(Stored records)
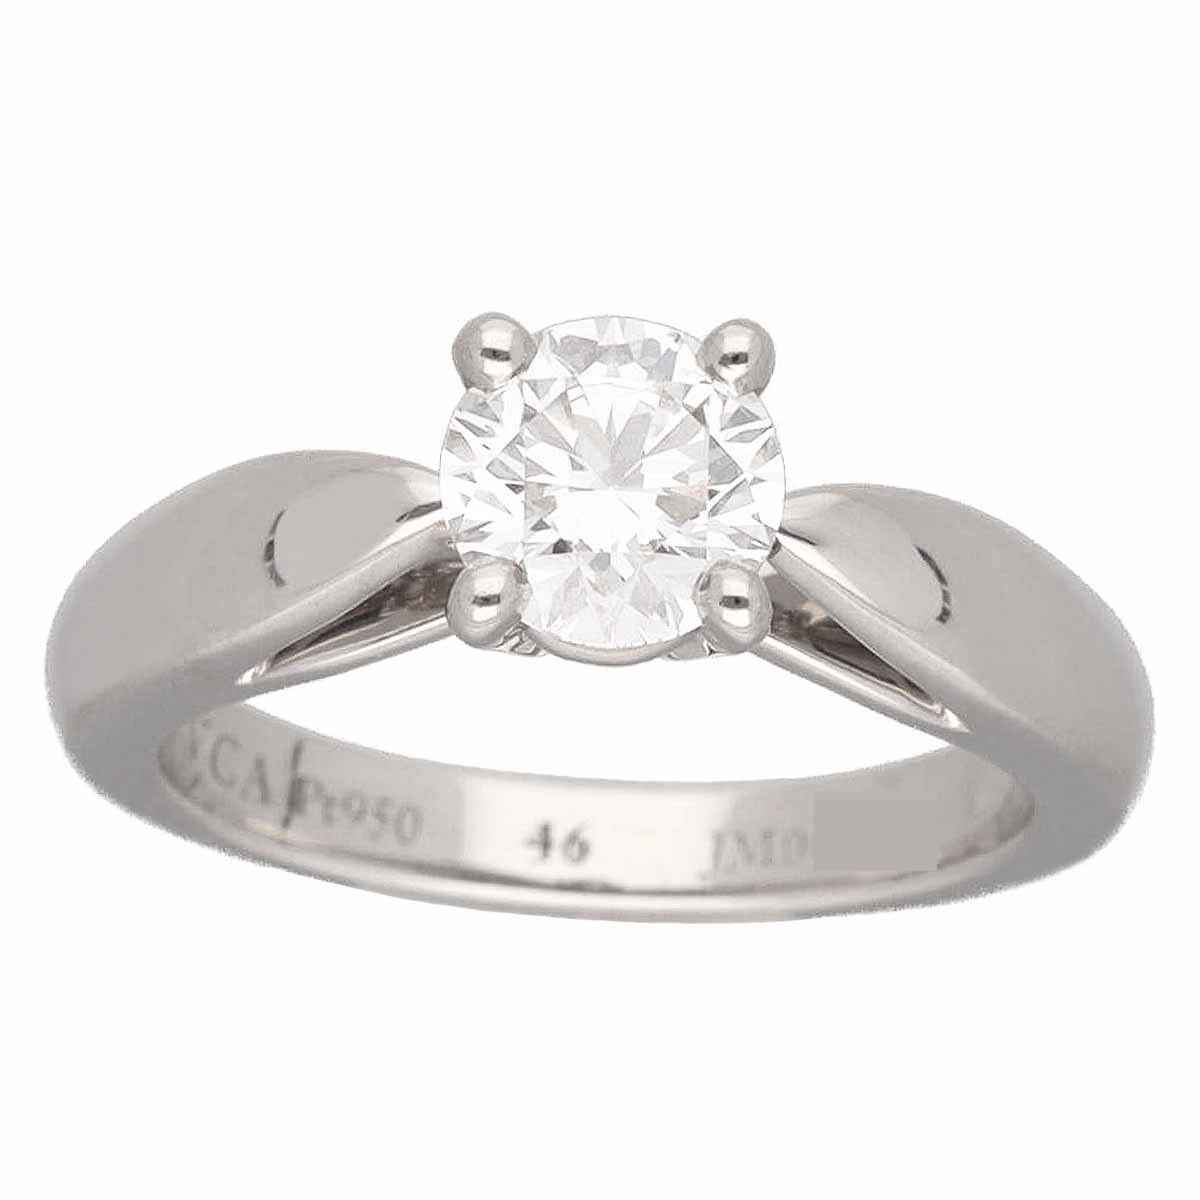 Marke:Van Cleef&Arpels
Name:Bonheur Solitaire Ring
Material:1P Diamant (D0.71ct E-VVS2-3Ex), Pt950 Platin
Gewicht:6.3g（ungefähr)
Ringgröße:Britisch & Australisch:G 1/2  /   US & Kanada:3 3/4 /  Französisch & Russisch:46 /  Deutsch:14.7 /  Japanisch:

PROBLEM: Leave out the pictures and output every record above precisely as given.

EXERCISE ANSWER:
 Marke:Van Cleef&Arpels
Name:Bonheur Solitaire Ring
Material:1P Diamant (D0.71ct E-VVS2-3Ex), Pt950 Platin
Gewicht:6.3g（ungefähr)
Ringgröße:Britisch & Australisch:G 1/2  /   US & Kanada:3 3/4 /  Französisch & Russisch:46 /  Deutsch:14.7 /  Japanisch:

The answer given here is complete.